O que torna Franz Kafka tão universal e atemporal?

Augusto Valente | Kristina Reymann-Schneider
2 de junho de 2024

Quem nunca se sentiu engolido por um mundo indiferente? No centenário de sua morte, um dos mais famosos autores de língua alemã continua atual. Sua figura é meme nas redes sociais. Mas cautela: Kafka não é igual a Kafka.

Autor Franz Kafka
Família de Franz Kafka fazia parte da minoria judaica germanófona de PragaFoto: Darchivio/opale.photo/picture alliance

Em 3 de julho de 1883, Franz Kafka já nasceu outsider, como parte da minoria dos judeus de idioma alemão de Praga, no então Império Austro-Húngaro. Nem na família ele encontrava amparo: durante toda a vida sofreu sob uma figura paterna autoritária, que preferia ter um filho comerciante do que escritor.

Incapaz de se sustentar só com a literatura, Kafka trabalhava da manhã até o meio-dia numa seguradora, para depois se dedicar às atividades que lhe davam prazer: andar de motocicleta, ir ao cinema e frequentar o bordel.

Era um tipo esportivo, fazia visitas turísticas a Berlim e Paris, gostava de estar no meio de gente.
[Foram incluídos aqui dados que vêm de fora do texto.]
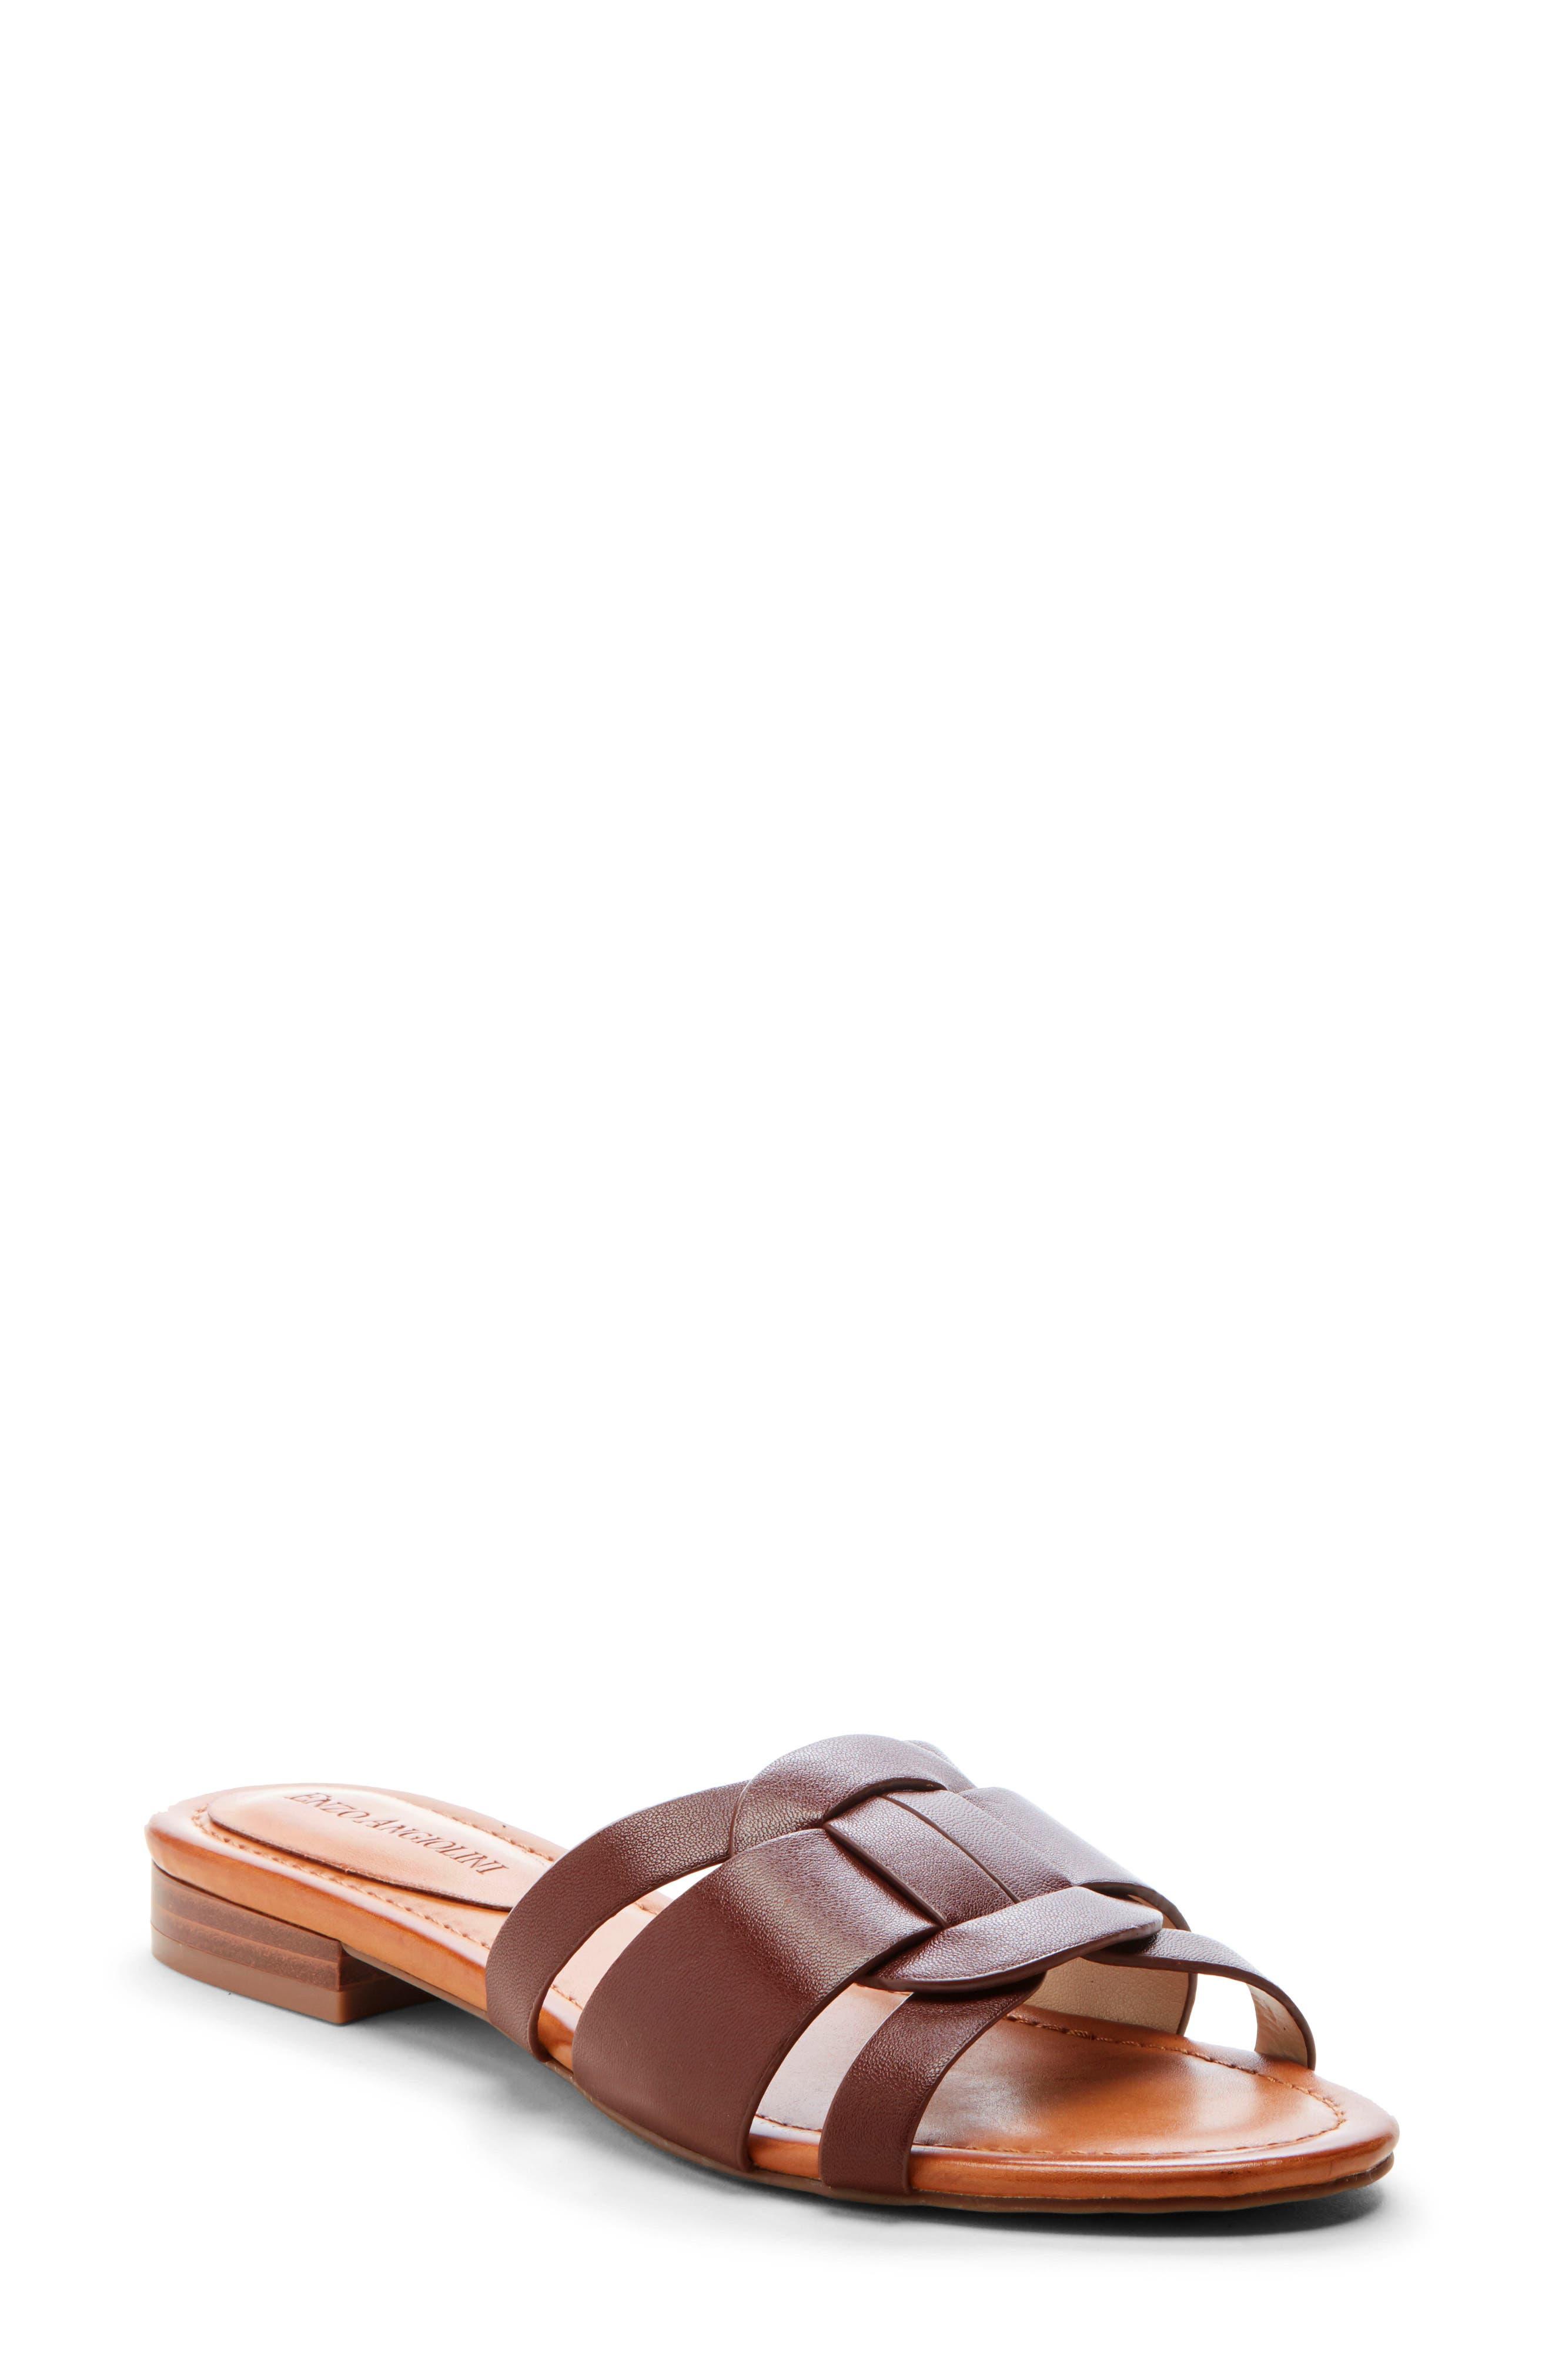 Enzo Angiolini Golda Slide Sandal, Brown

Com as mulheres, por outro lado, não se entendia tão bem, em parte por culpa das expectativas da sociedade: quanta proximidade era aceitável, se o relacionamento era a sério? Kafka não sabia julgar, o que o deixava inseguro.

Kafka visitou Berlim pela primeira vez em 1910Foto: Bildagentur-online/Sunny Celeste/picture alliance

Acima de tudo, entretanto, escrevia noite e dia: cartas, diários, contos, romances. Seu melhor amigo, o também escritor Max Brod, que conhecera durante o estudo de Direito, reconheceu seu talento literário, encorajando-o a publicar. Mas Kafka duvidava da própria capacidade.

Em 3 de junho de 1924, a um mês de seu 41º aniversário, morreu de tuberculose da faringe. Antes, encarregara Brod de queimar postumamente todos os seus escritos, mas, para sorte da posteridade, o amigo desrespeitou esse desejo.

Caso contrário, nunca teria sido publicado o romance inacabado O processo, que hoje consta entre as obras kafkianas mais célebres. Seu protagonista, Josef K., é objeto de uma ação judicial sem jamais ficar sabendo do que é acusado. Como costuma acontecer nas obras do autor, a história não acaba bem.

Kafkiano, para além do espaço e do tempo

Por motivos ideológicos e raciais, o regime nacional-socialista da Alemanha (1933-1945) baniu e mandou queimar todas as obras do escritor judeu. Assim, ele acabou primeiro ficando mais conhecido no exterior, embora hoje seus livros sejam leitura obrigatória nas escolas alemãs.

Mas Kafka é lido em todos os continentes, reverenciado nos meios intelectuais, adaptado para o palco e as telas. Há especulações de que possa ter inspirado o álbum conceitual The Wall, da banda Pink Floyd. Uma pista: o título de uma das faixas é, justamente, The trial. Mas há pelo menos duas óperas declaradamente baseadas no inacabado O processo: uma da autoria de Gottfried von Einem (1953) e outra de Philip Glass (2014).

Autores como Clarice Lispector e Jorge Luis Borges reconheceram a influência de Kafka, de forma direta ou implícita. O Nobel da Literatura colombiano Gabriel García Márquez (1927-2014) revelou ter sido a leitura de A metamorfose que o inspirou a escrever textos literários.

Minimalista, desenho de Kafka 'Homem sentado à mesa' ecoa a sensação de impotência de seus escritosFoto: picture alliance/akg-images/Archiv K. Wagenbach

Kafkiano, kafkaesque, kafkaesk, kafkovský, kafkavari: o termo existe em praticamente todos os idiomas, do português, espanhol, italiano, francês, inglês, alemão ao tcheco, turco, russo, japonês, coreano e outros.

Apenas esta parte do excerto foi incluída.